[reportlab-users] ReportLab 3.x packaging and deployment
Marius Gedminas
marius at gedmin.as
Tue Jan 14 07:08:02 EST 2014
On Tue, Jan 14, 2014 at 11:19:01AM +0000, Andy Robinson wrote:
> On 14 January 2014 11:00, Marius Gedminas <marius at gedmin.as> wrote:
> > It would be awesome if I could sudo apt-get install python-reportlab and
> > then somehow make it available in selected virtualenvs, but that's a
> > discussion for another list.
>
> Dumb questions but can't you...
>
> 1. sudo apt-get install python-reportlab
> 2. create a virtualenv with no site packages
> 3. make a symlink from the venv's site-packages to the system reportlab?
Yes.
But I generally find
sudo apt-get build-dep python-reportlab
and then building form source simpler. (Because I have build scripts
that create the virtualenv and pip install -r requirements.txt for me,
and I don't want to put hacks in the middle of those scripts, and I have
no way to pause the script so I could run a custom command after
virtualenv creation but before pip install tries to pull in ReportLab
via some dependency chain.)
> I concluded long ago that pip can't do everything. All of our web
> projects (and we have a LOT) have a shell script at the top level to
> build/rebuild the environment. So we can check if a symlink exists
> and create one if it's missing, and do other "procedural" stuff.
I tend to have Makefiles to build virtualenvs on demand etc. It helps
that I never have to deploy on Windows.
> A requirements.txt which specifies all dependencies is a wonderful
> thing to have anyway. And pip is happy enough for pure when you add a
> couple more pure Python packages to tour requirements in an existing
> project overnight.
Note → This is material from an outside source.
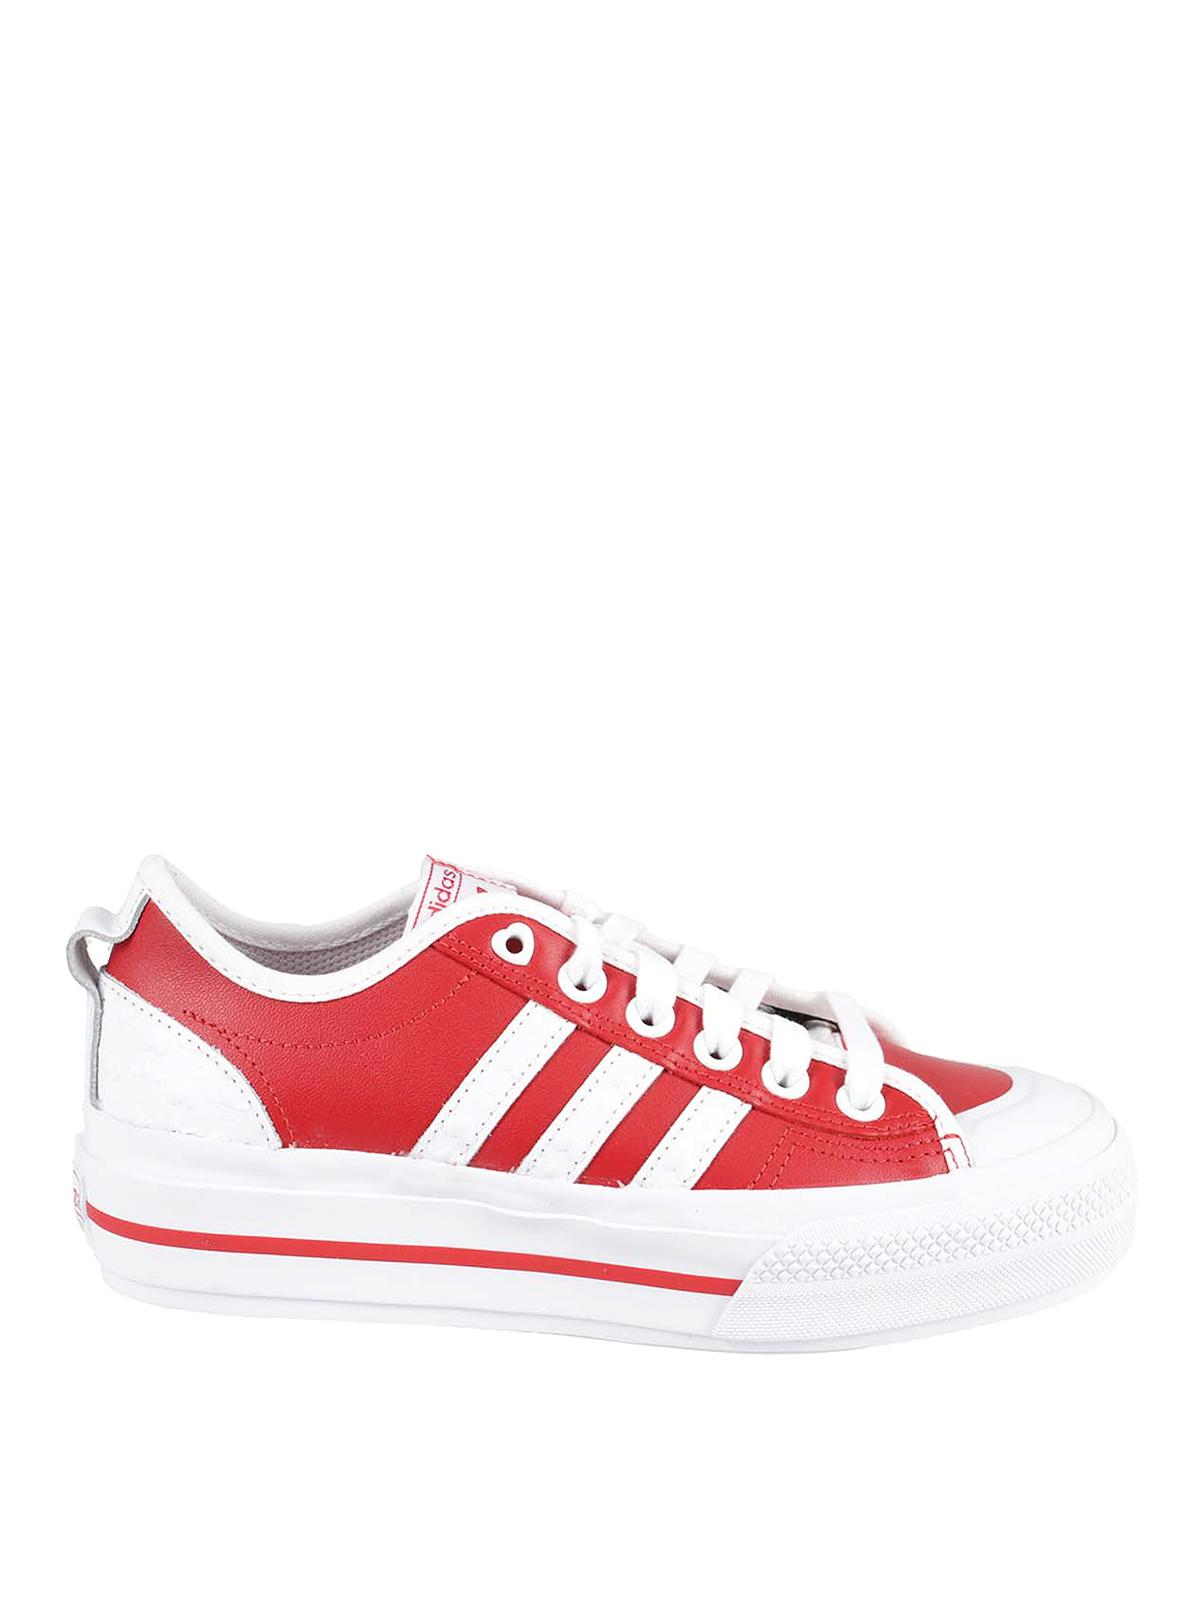 Adidas Originals Nizza Rf Platform Sneakers In Red

But it needs a lot of 'nursing through'. Right
> now I'm working on someone else's financial app needing matplotlib,
> scipy (hence fortran), tables (hence HDF5 which absolutely demands a
> local source build inside the venv) etc etc.
Numpy/scipy are a bit special, but sudo apt-get build-dep helps a lot.
I think people (especially scientists who need things like Numpy/Scipy)
are recommending Conda as a solution for prebuilt binary packages that
match your platform exactly. I haven't had a chance to try it yet.
Marius Gedminas
--
Q: What's tiny and yellow and very, very, dangerous?
A: A canary with the super-user password.